§ **MATERIAL PROVIDED**:
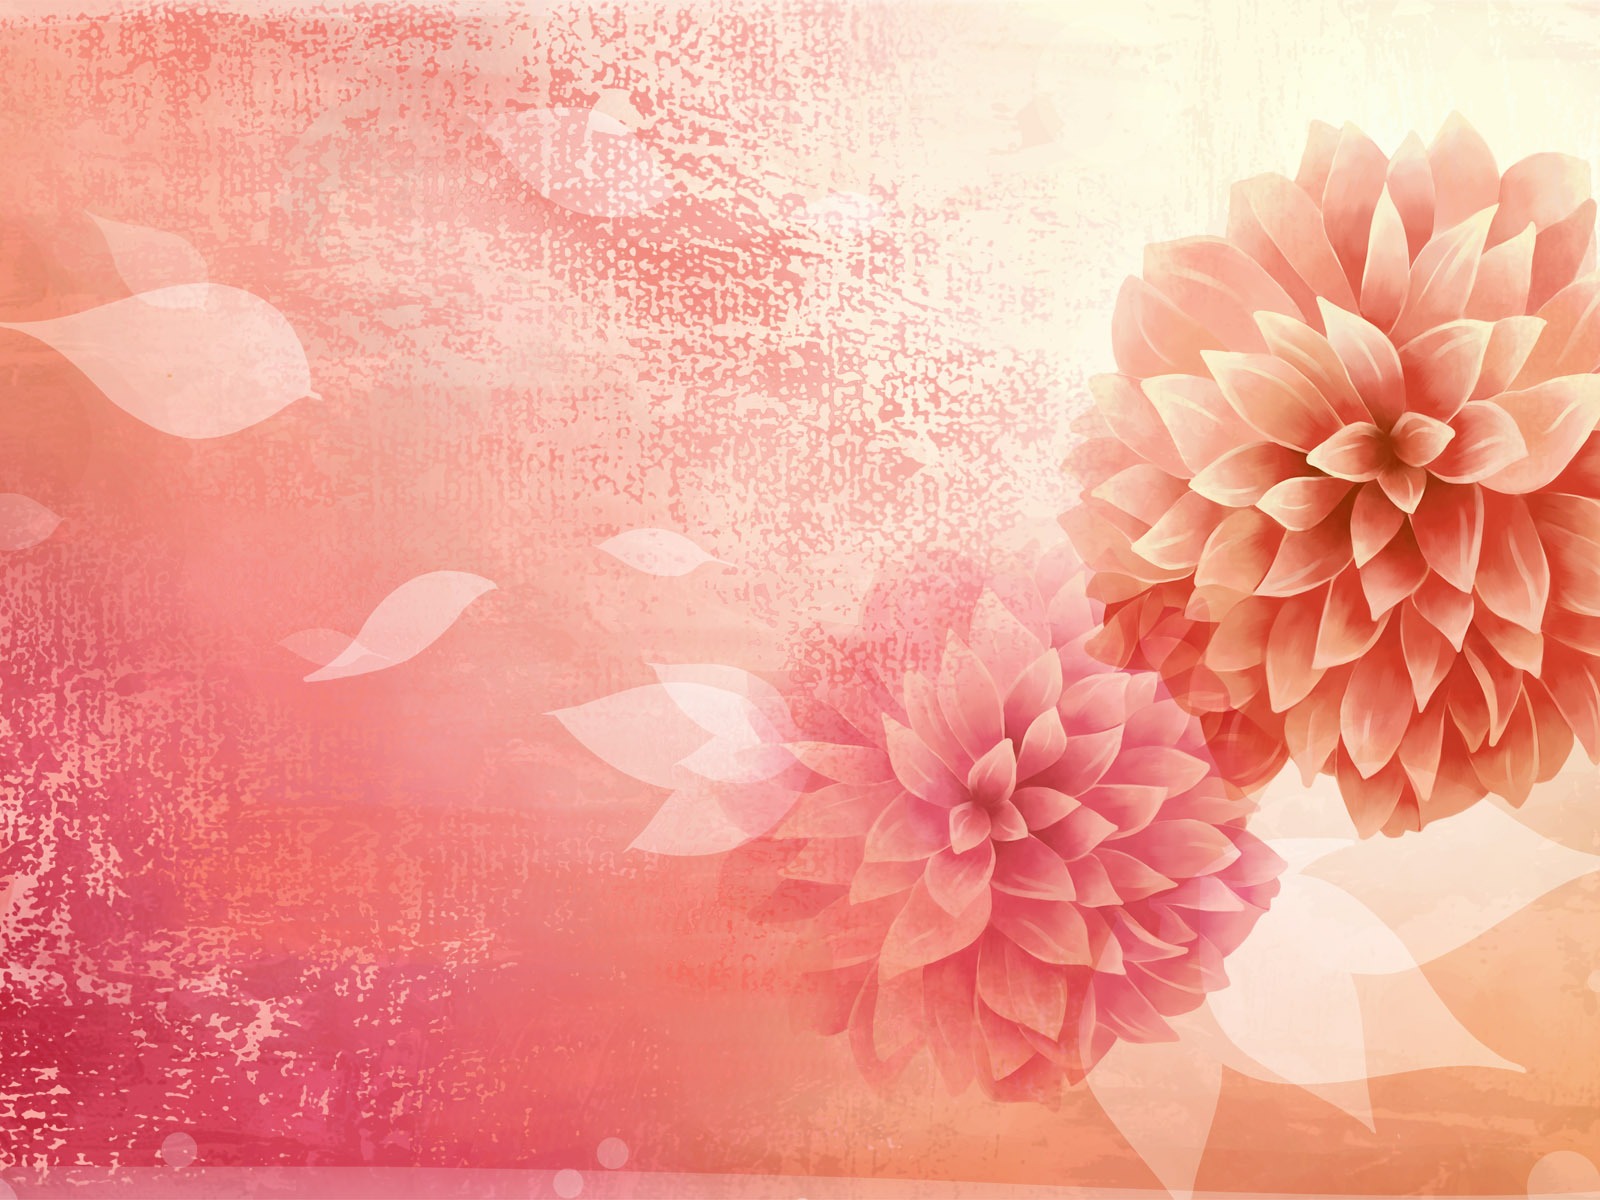 Synthetic Wallpaper Colorful Flower #22 - 1600x1200
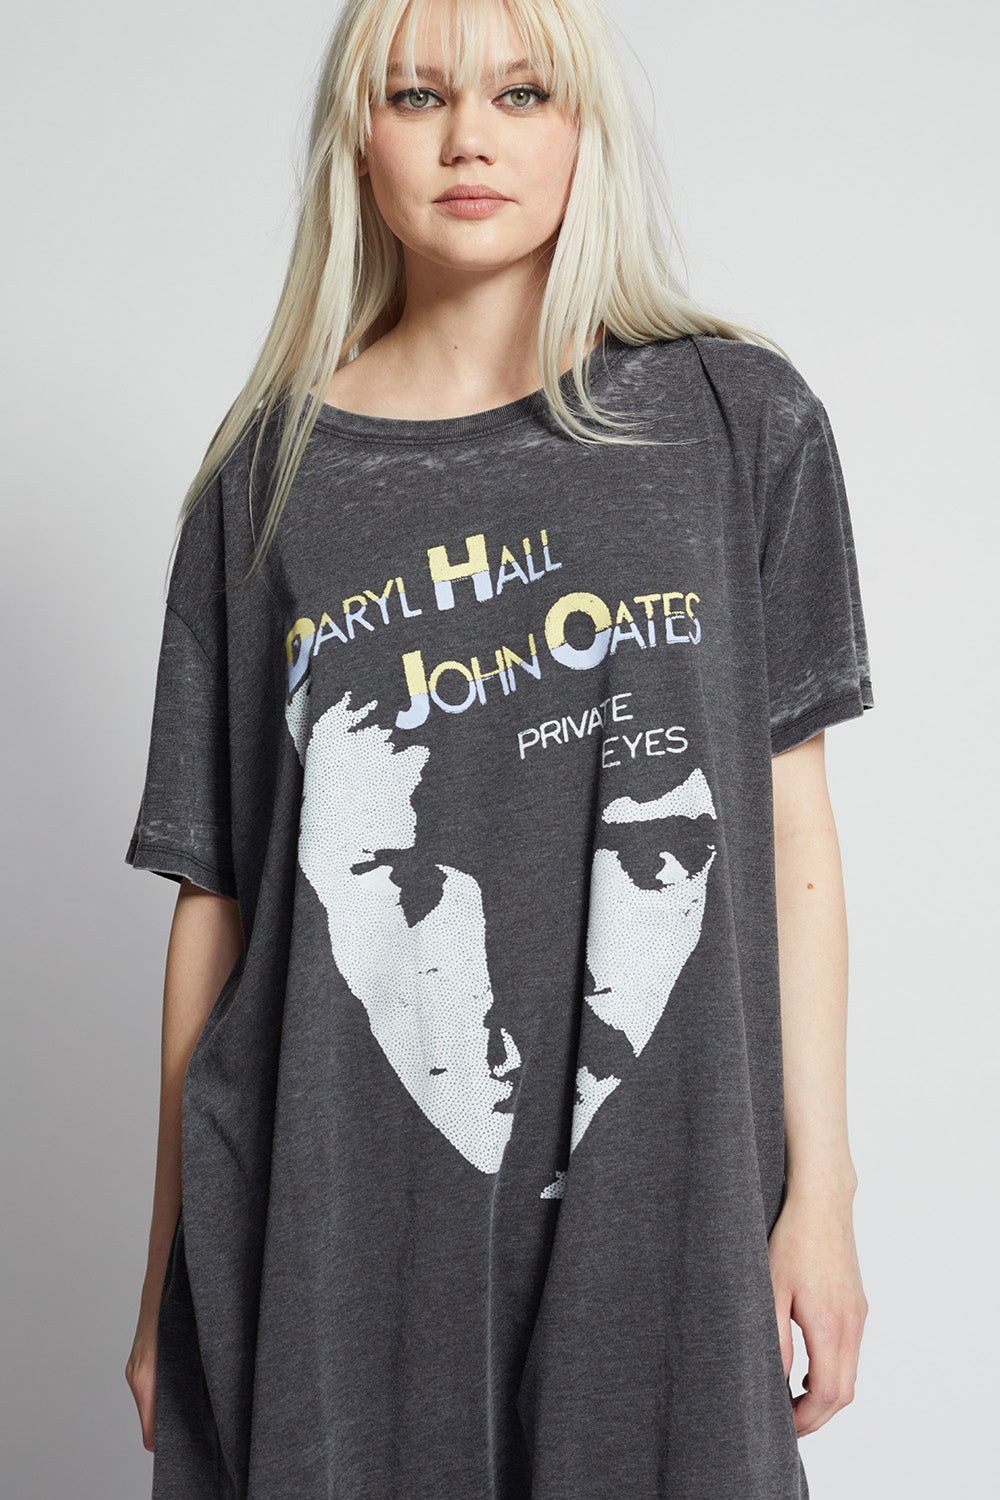 Hall & Oates Private Eyes One Size Dress
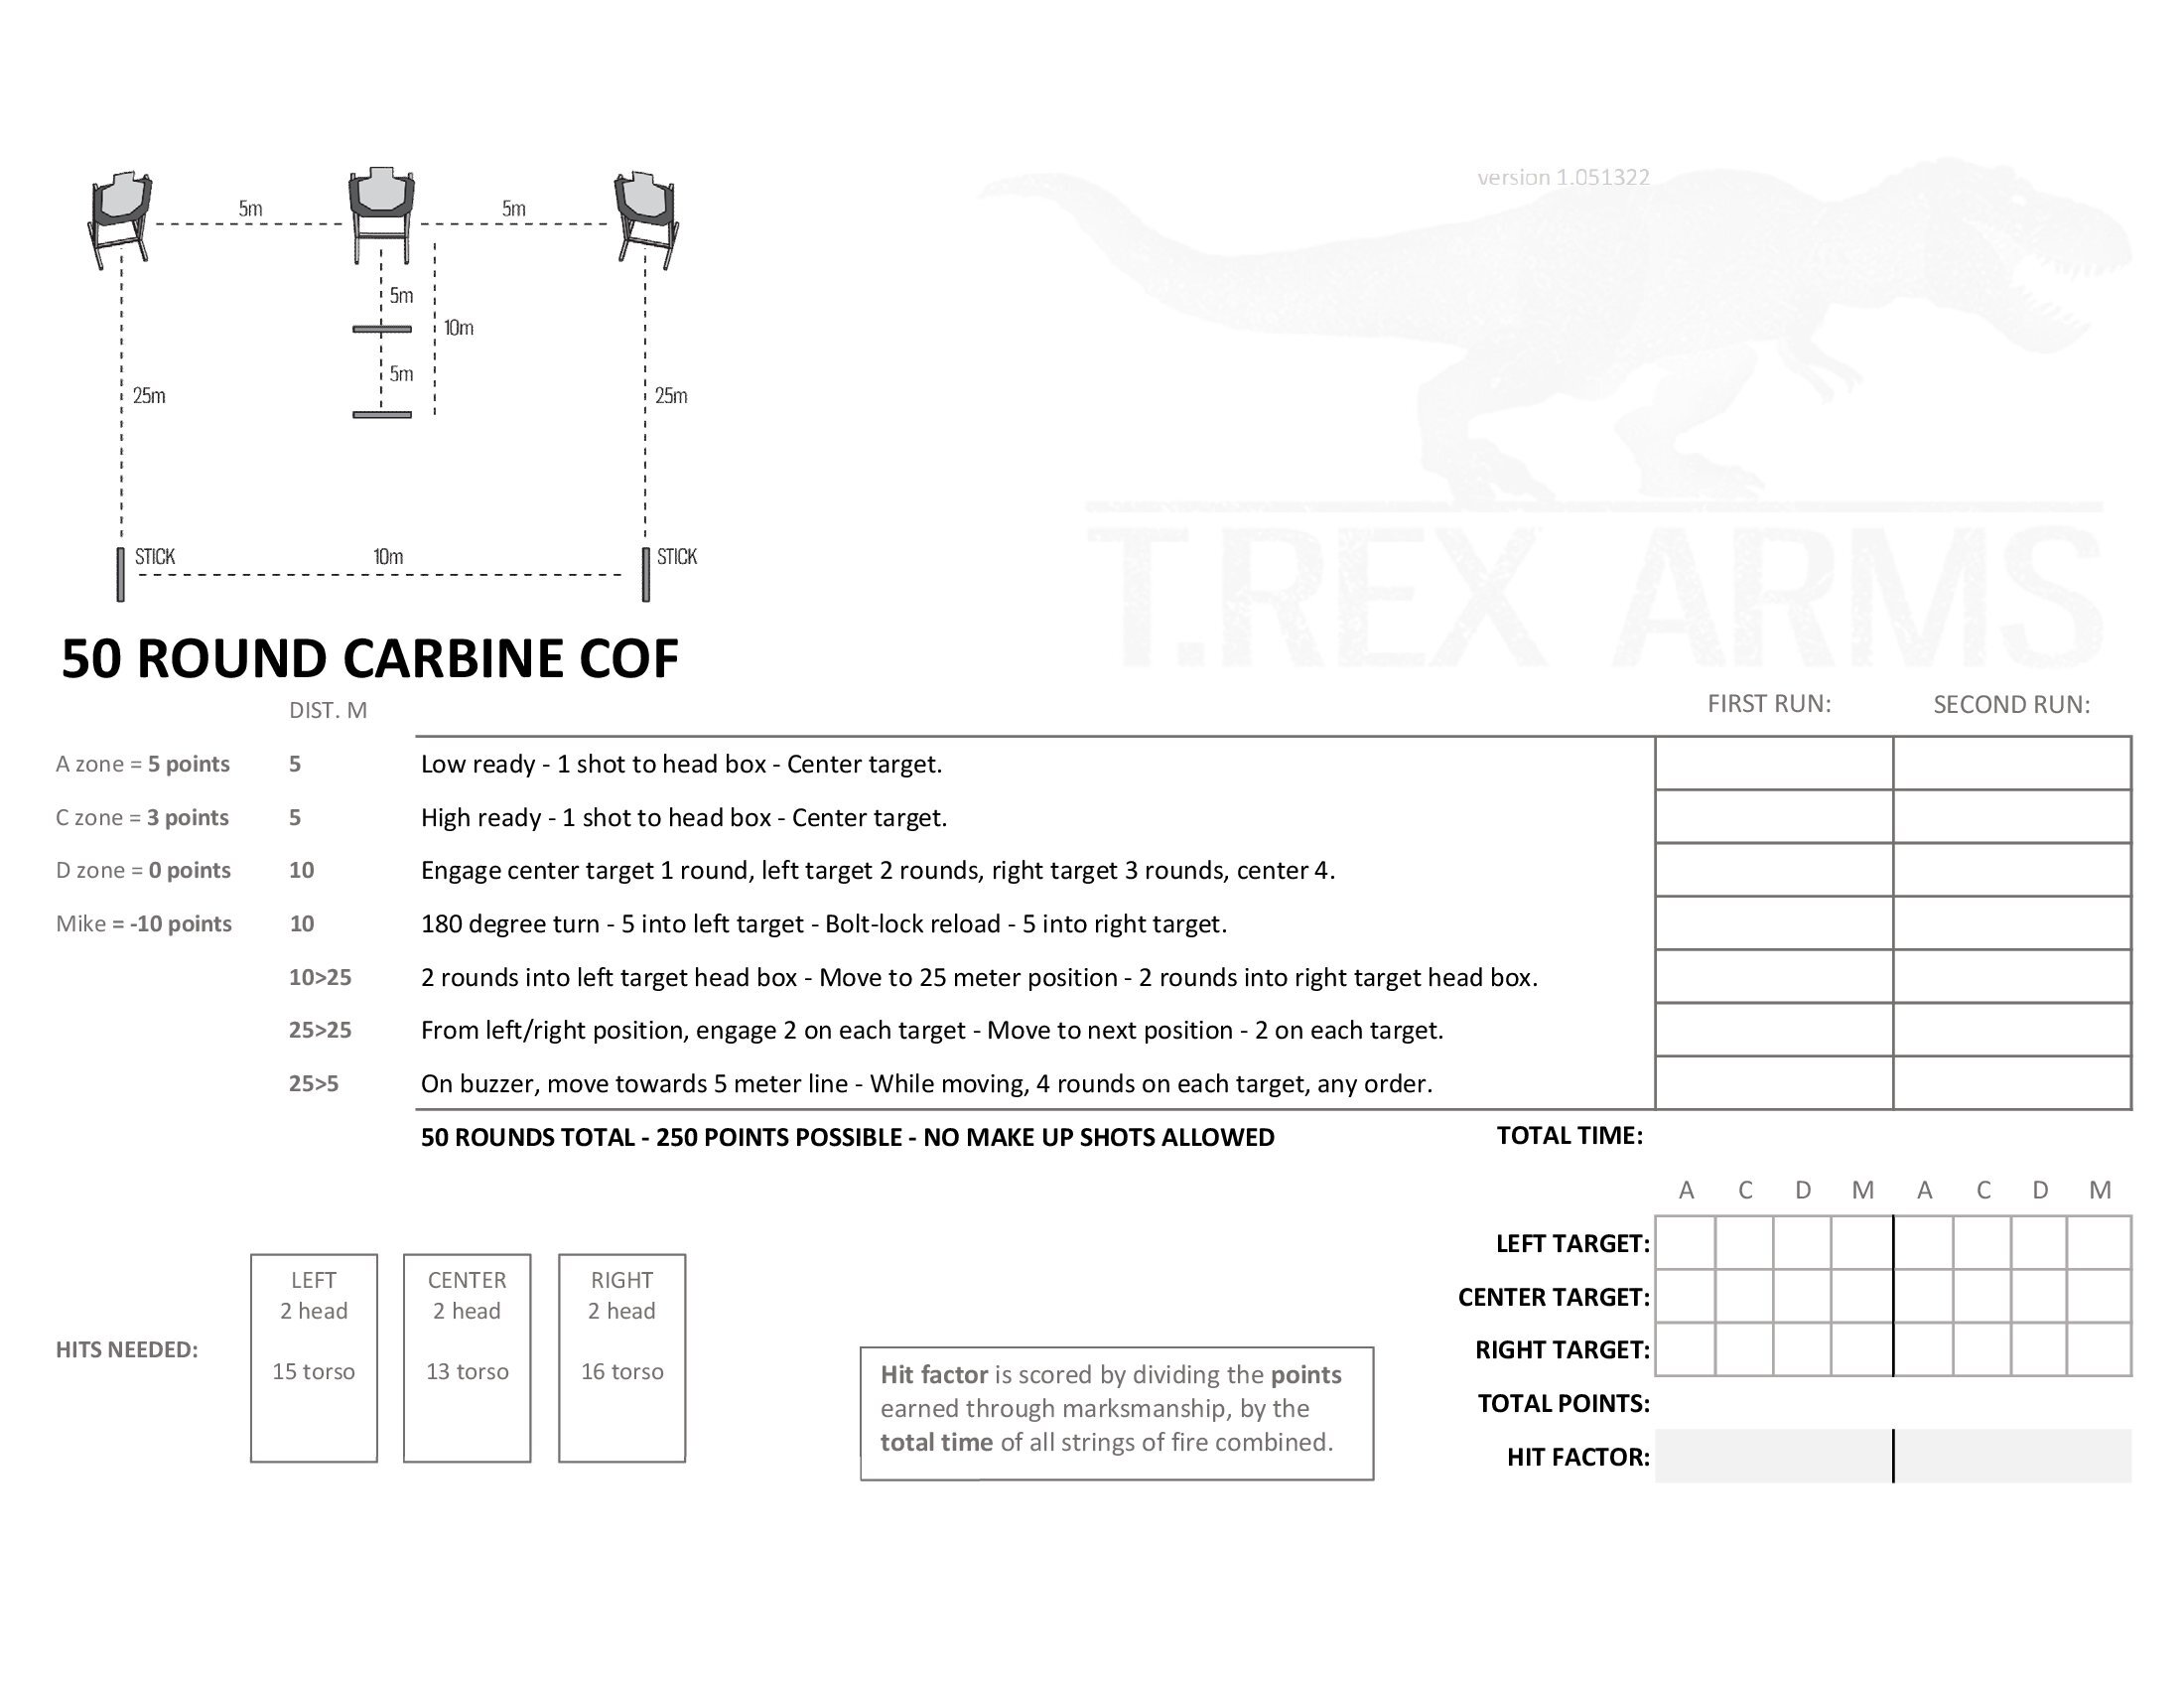 50 Round Carbine COF print-out

§ **TASK DIRECTIONS**:
Your task is to repeat, word for word and with no picture, every line from the one that contains "Hall & Oates Private Eyes One Size Dress" through the last line of the data.

§ **TASK RESPONSE**:
 Hall & Oates Private Eyes One Size Dress
 50 Round Carbine COF print-out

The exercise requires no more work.